Recuerdo haber experimentado un angustioso alivio. Me sentía tan ansioso como tranquilo. Paseaba por mi habitación en las noches, sin poder conciliar el sueño, y en mis ojos solo veía aquel paraje que era el hogar del maldito. Pero poco a poco, el veneno de su control salió de mi sistema, o eso creía, volvía a poder dormir como un angelito en las noches, profundo como un tronco, mis amigos árboles me recibieron de vuelta, felices de mi regreso, y por fin pensé que todo había acabado.

Nada más lejos de la realidad.

Como los mejores depredadores, que juegan un rato con su presa cansándola hasta el desvanecimiento, el podrido me dio ventaja, un pequeño descanso, tan hondo y deseado que me dejaba a su absoluta merced.

Mis abuelos, ante mi mejoría, decidieron suspender mi cuarentena. Eran personas mayores y a veces yo me avergonzaba de tener que despertarlos a los gritos porque quería ir al baño. Y mi cazador encontró la oportunidad perfecta.

Lo que más me inquieta de todo esto es que, a diferencia de los días anteriores, fui consciente de todos y cada uno de mis pasos.
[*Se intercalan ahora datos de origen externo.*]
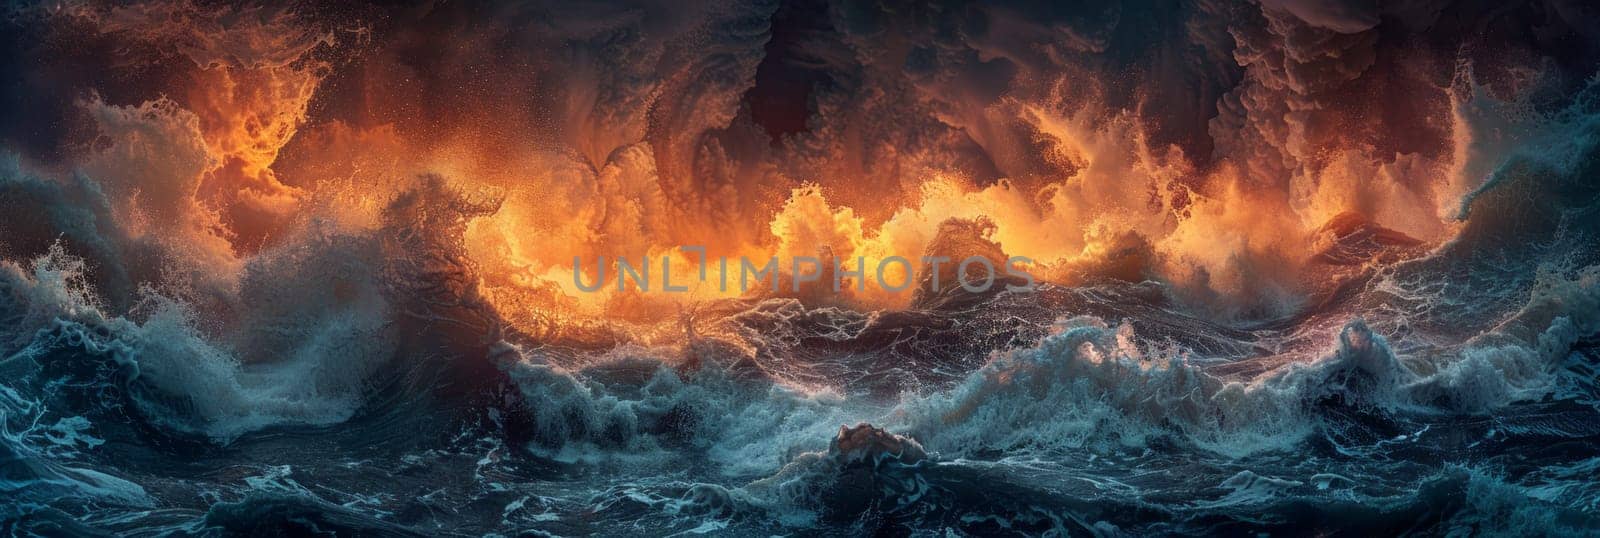 A mesmerizing painting depicting the contrasting elements of fire and water in an ocean setting, creating a dynamic and harmonious composition by but_photo

Desde que me levanté de mi cama, al cuarto de mis abuelos que ni se inmutaron por sus problemas de audición, de que tome la llave de la puerta principal, una soga para atar cosas al techo del auto de mi abuelo que estaba en el garaje y descalzo, sin más protección de la fría brisa de la noche que una remera que me quedaba grande y mi ropa interior de Spider-man, camine por las calles hacia el mismo destino que pensaba esa tarde, que nunca volvería a recorrer.

El cuarto del jardinero quedaba a la otra punta de la casa lejos de mi cuarto, el de mis abuelos y la entrada principal, por lo que él tampoco escuchó nada. Él me dijo que lo despertaron las suaves voces de las rosas que hay en el jardín, que eran más un arrullo que una voz de alarma, por eso cuando despertó de lo que pensaba que era un sueño en el que se habían metido sus traviesas amigas las rosas, lo hizo lenta y suavemente, y mientras bostezaba frotaba sus ojos dispuesto a dormir de nuevo, contempló un árbol que estaba junto a su ventana y le preguntó por mí.
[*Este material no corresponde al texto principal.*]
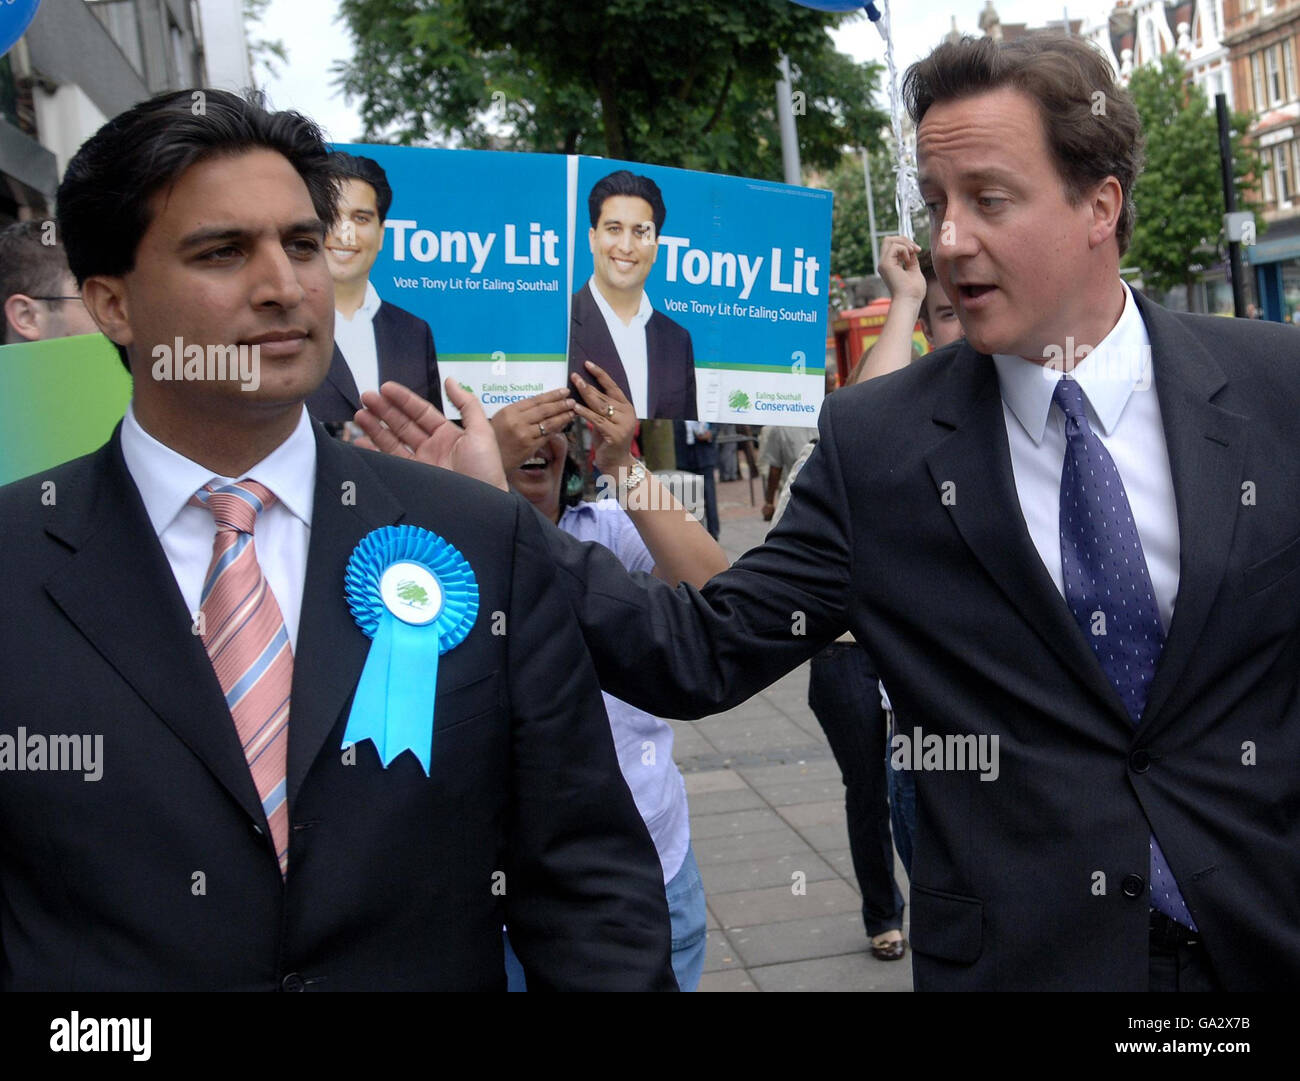 David Cameron campaigns in Ealing Stock Photo

Los árboles no te dicen nada a menos que se los preguntes. Ese árbol le dijo donde me dirigía y apresurado, el jardinero se puso unos pantalones, tomó su tijera para podar y corriendo, se fue siguiéndome.

Cuando eso pasaba, yo caminaba por el terreno abandonado, y el podrido ya estaba en mi visión. Esa noche parecía sacado de un libro de cuentos de terror para niños, la tierra a su alrededor estaba repleta de esqueletos y cadáveres de pájaros en su mayoría pero también creo de algún gato o conejo.

Caminé sobre ellos como si fuera un día más que venía hacerle compañía, y trepé a sus ramas. Todo estaba en completo silencio. Empecé a enroscar la soga en la que parecía más resistente. Yo trataba por dentro de detenerme pero era como querer moverte en un sueño, apenas si lograba que me temblaran un poco los brazos. Mientras hacia el nudo, el jardinero ya llegaba a la calle que era del terreno. Me paré sin titubear, y sin tambalearme sobre la inestable rama, con la soga en mis manos. Cuando la puse alrededor de mi cuello, el hombre jadeando parado a unos metros de mí, me observó horrorizado sobre aquel quien en contra la luz de la luna parecía una tarántula agazapándose sobre la presa que cayó en su telaraña.

Cuando empezó a gritarme que me quitara eso del cuello y bajara de ahí, corriendo hacia mí, un momento después yo ya me había lanzado.